Mais surtout, ce sur quoi vous passez beaucoup trop rapidement, monsieur le Maire, c'est la subvention de 20 300 euros qui nous est allouée, au titre du fonctionnement de notre association. Car le fond de la querelle, le débat le plus intéressant, c'est bien celui-ci. Depuis toujours, la ville de Chalon considère et finance l'Arrosoir comme une association parmi les huit cent associations chalonnaises, et non comme un lieu de spectacles et d'actions culturelles participant de son offre aux habitants.

Anecdote symptomatique et récente, il a fallu une intervention amicale de notre part pour que la page culture du site internet de la Ville consacre un espace à l'Arrosoir, ce qui fut d'ailleurs fait vite, et bien. Jusque là, il fallait nous chercher à la rubrique Associations (mais nos amis de Mosaïques aussi sont une association) Alors certes, en regard des 150 euros de l'Association Chalonnaise d'Outre-Mer et même des 450 euros de Trésors de Ferveur, les 20300 euros de l'Arrosoir sont une « manne financière ».

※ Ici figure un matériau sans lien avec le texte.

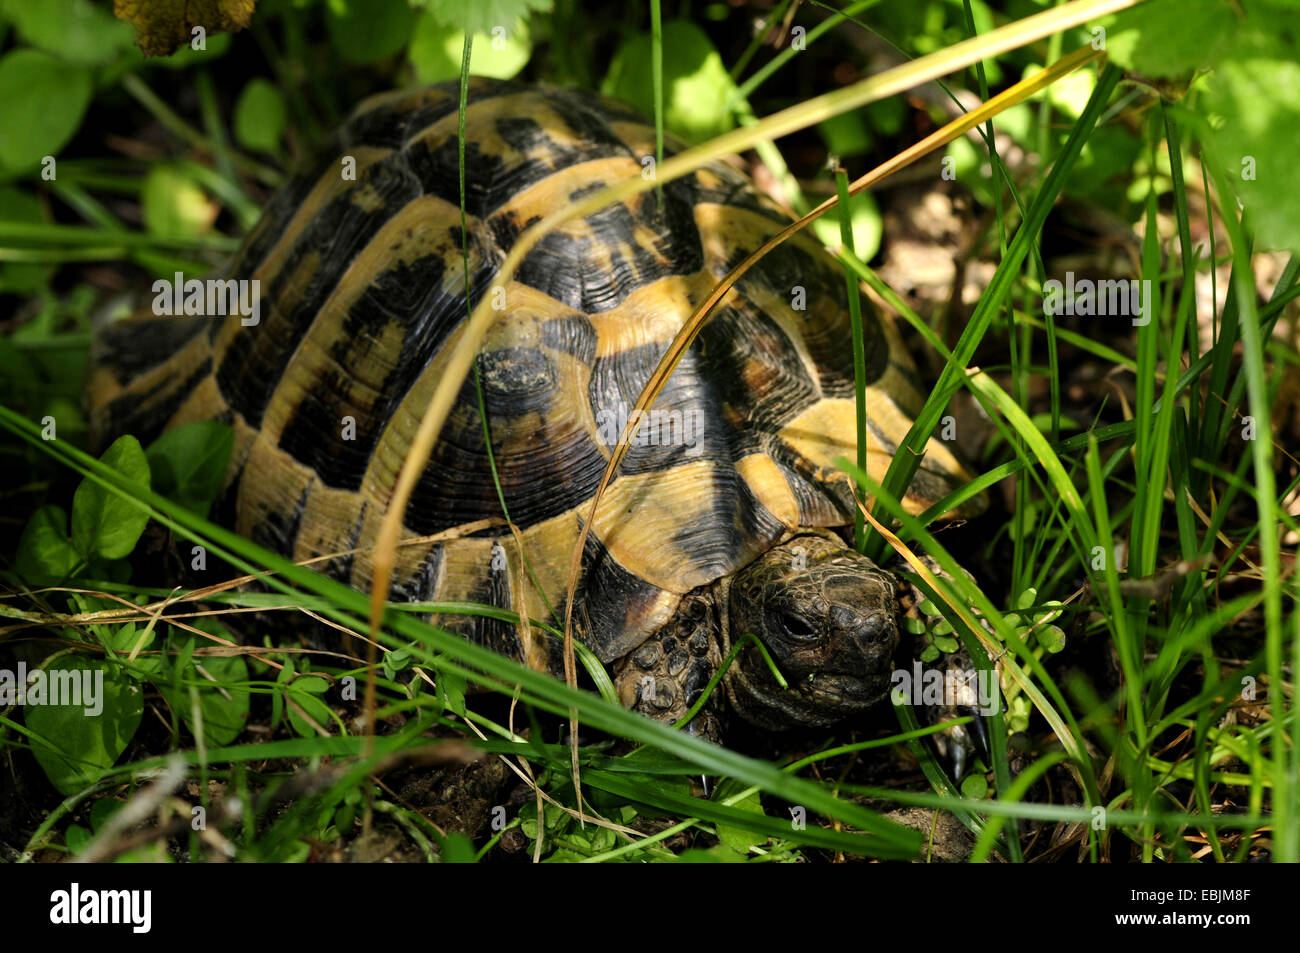 Hermanns Schildkröte, Griechische Schildkröte, Boettgers Schildkröte (Testudo Hermanni Boettgeri), verborgen unter einem Busch, Griechenland, Mazedonien Stockfoto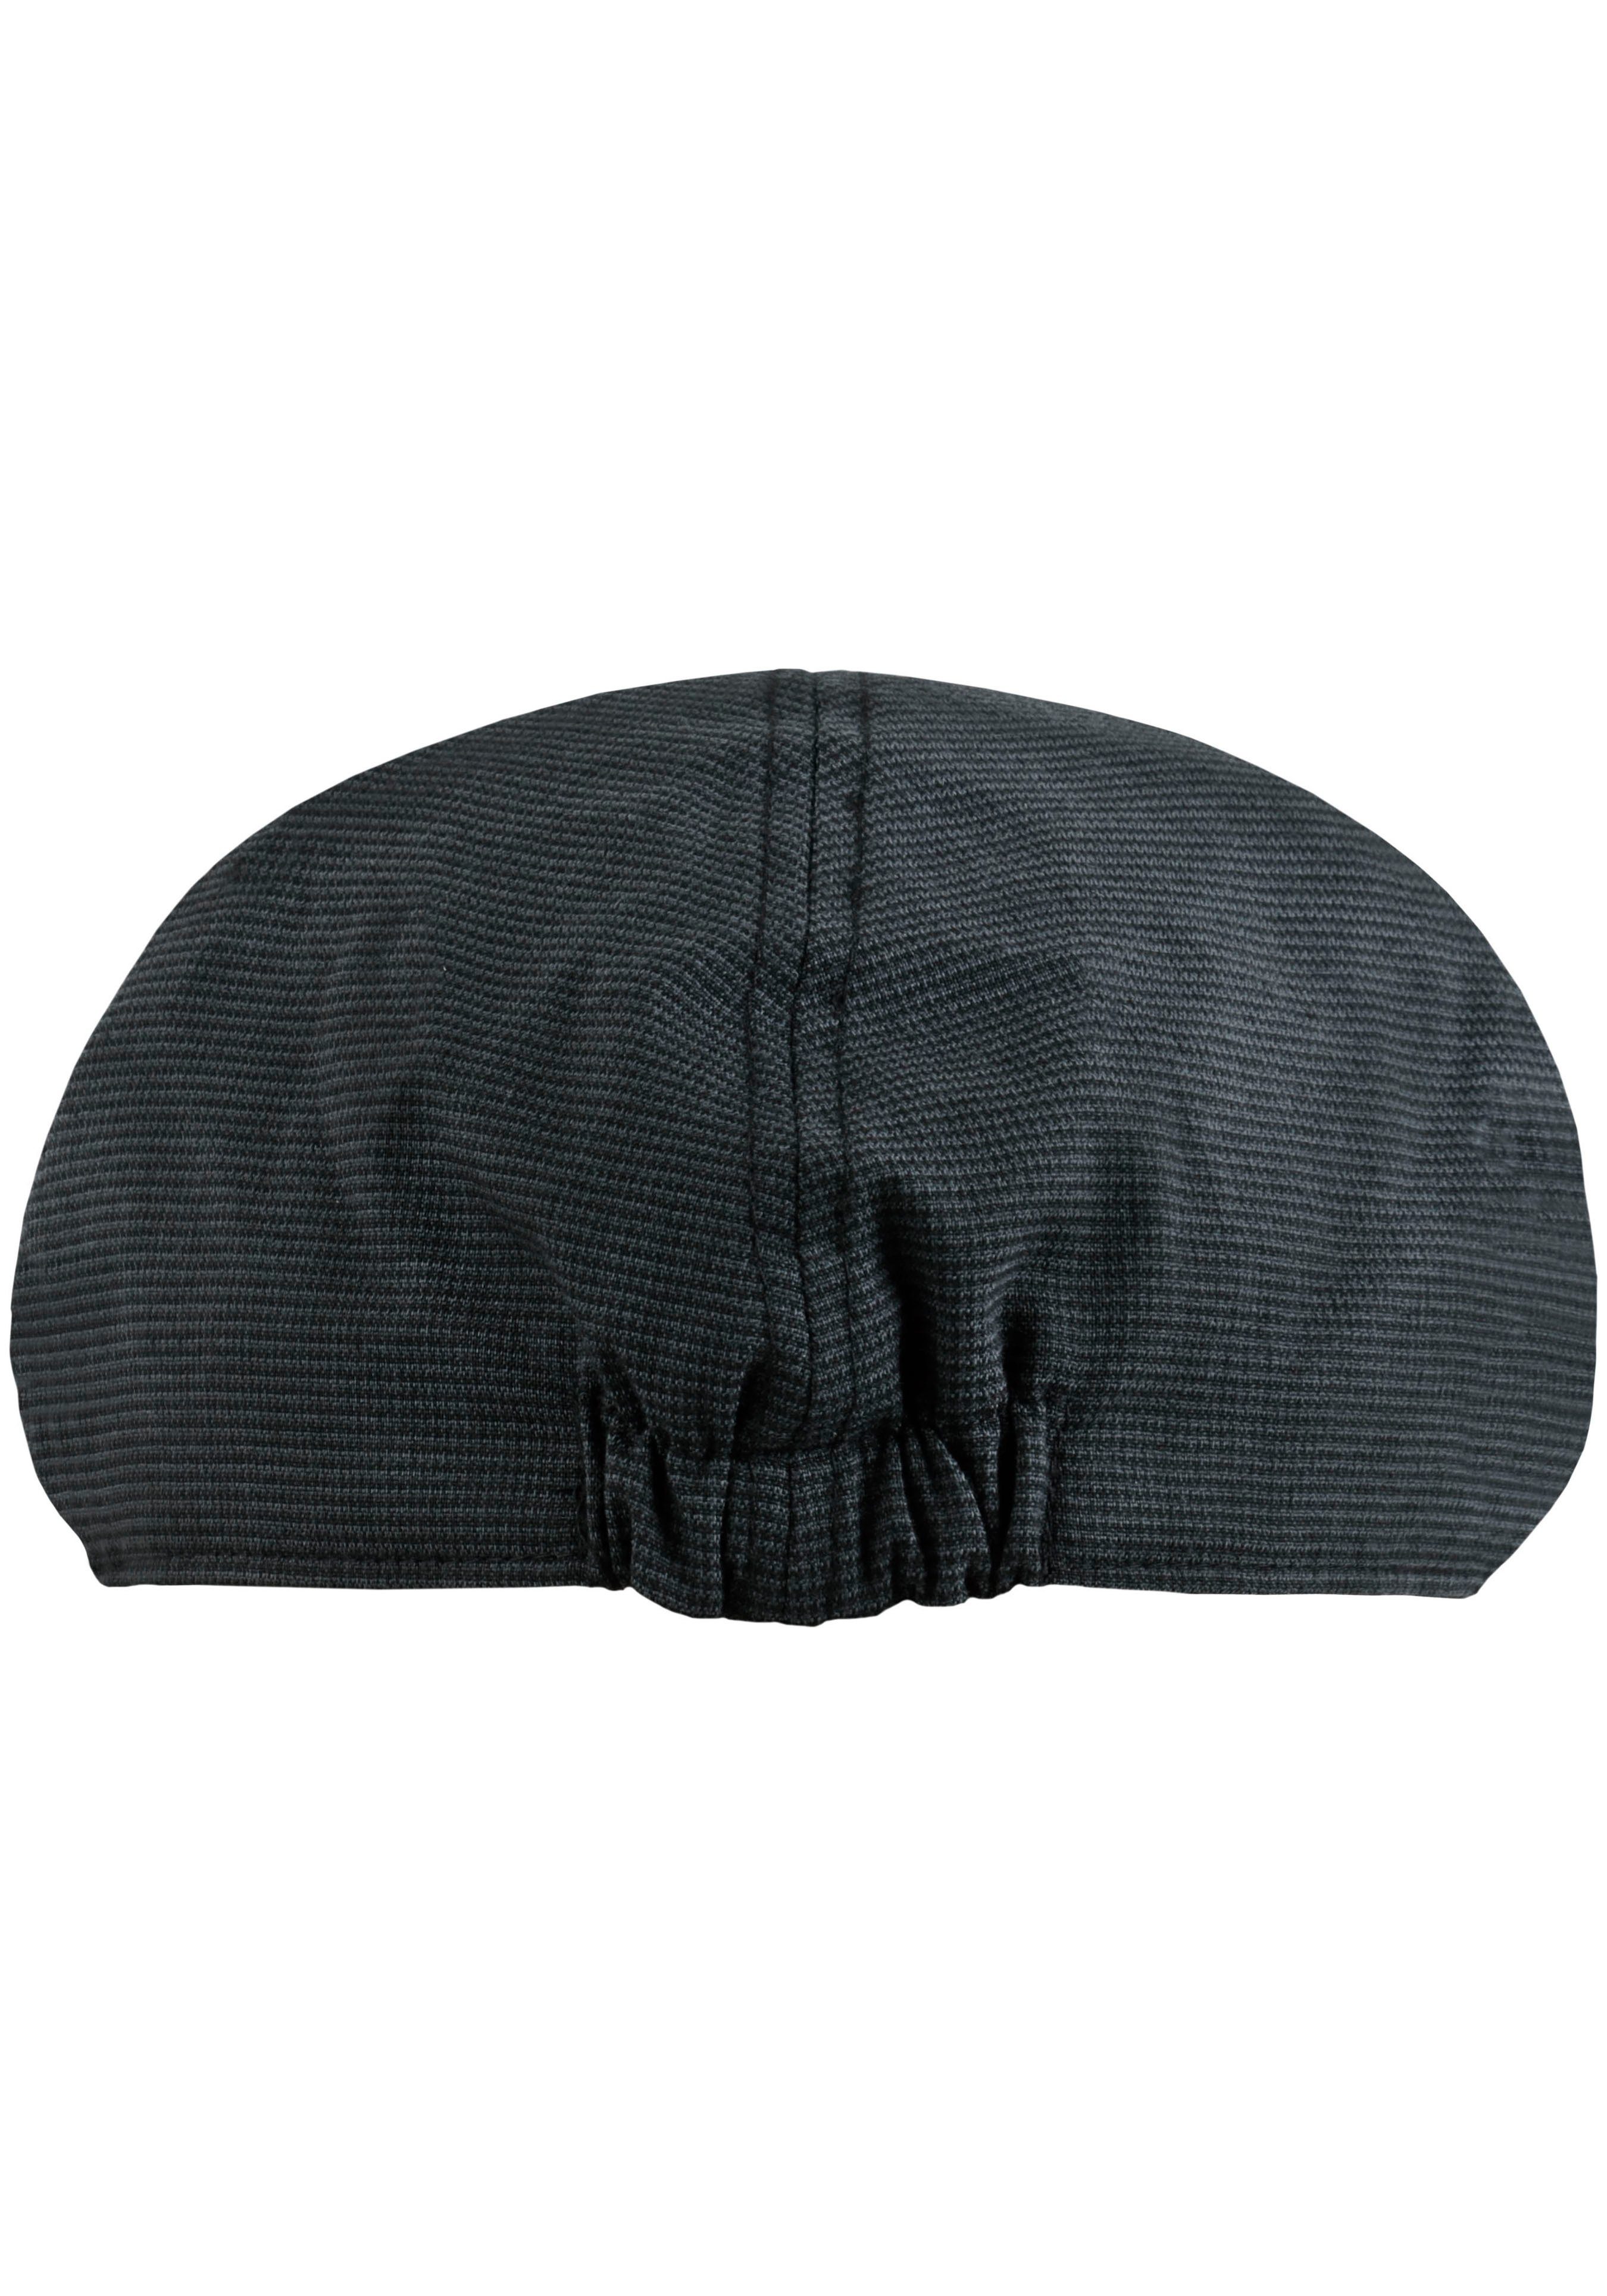 chillouts Schiebermütze Karomuster Flat Cap feinem grau-schwarz Kyoto Hat mit

Mais à coté des 2 200 000 euros de l'Espace des Arts, ils sont une obole. Il faut comparer ce qui est comparable, me direz-vous, et vous aurez raison. Entre l'Arrosoir et l'Espace des Arts, on devrait donc pouvoir trouver une situation intermédiaire, plus décente que celle de l'Arrosoir, et moins indécente que celle de l'Espace des Arts. La preuve : une telle situation existe. C'est celle du Théâtre du Grain de Sel.

L'Arrosoir et le Grain de Sel sont bien comparables. Ce sont deux « petits lieux », avec des jauges limitées, agissant avec passion dans leur domaine particulier et se partageant entre diffusion et action culturelle. La qualité du travail de Jean-Jacques Parquier n'a par ailleurs rien à envier à la nôtre. Eh bien comparons ! Après une période de fermeture, la Ville rénove et réinvestit dans ce lieu municipal. Elle le confie à un nouveau responsable et dès sa première saison, elle le dote immédiatement pour fonctionner de... 50 000 euros. Soit 30 000 de plus qu'à l'Arrosoir. Et elle a raison. C'est avec l'Arrosoir qu'elle a tort.

Alors pourquoi cette différence de traitement ? Pourquoi ce sous-financement, cette absence de convention et de visibilité, pourquoi cette absence stupide de revendication par la Ville de notre lieu dans l'offre culturelle chalonnaise, pourquoi cette reconnaissance du bout du porte-monnaie, du bout du site internet, du bout des lèvres ? Parce que nous étions là bien avant le pouvoir en place et qu'il a fallu faire avec ? Parce que le jazz est superflu ? Parce que nous sommes une vraie association, indépendante, qui élabore ses positions et les défend avec franchise, sans révérence ni langue de bois ? Parce que nous avons ouvert toute grande notre porte aux intermittents du spectacle en révolte contre le sort qui leur est fait...? Pourquoi ?

Plutôt que de nous porter querelle sur la question fausse des « enjeux politiciens », il serait plus utile, monsieur le Maire, d'examiner de plus près avec nous cette étrangeté que constituent depuis longtemps les rapports entre la ville de Chalon et l'Arrosoir.

Pour nous, une chose est certaine : que le futur maire de Chalon se nomme Gilles Platret ou Christophe Sirugue, nous devrons ensemble changer la nature et les modalités de cette relation.

Au nom de cette belle association que j'ai l'honneur de présider, je vous adresse, monsieur le Maire, mes respectueuses salutations.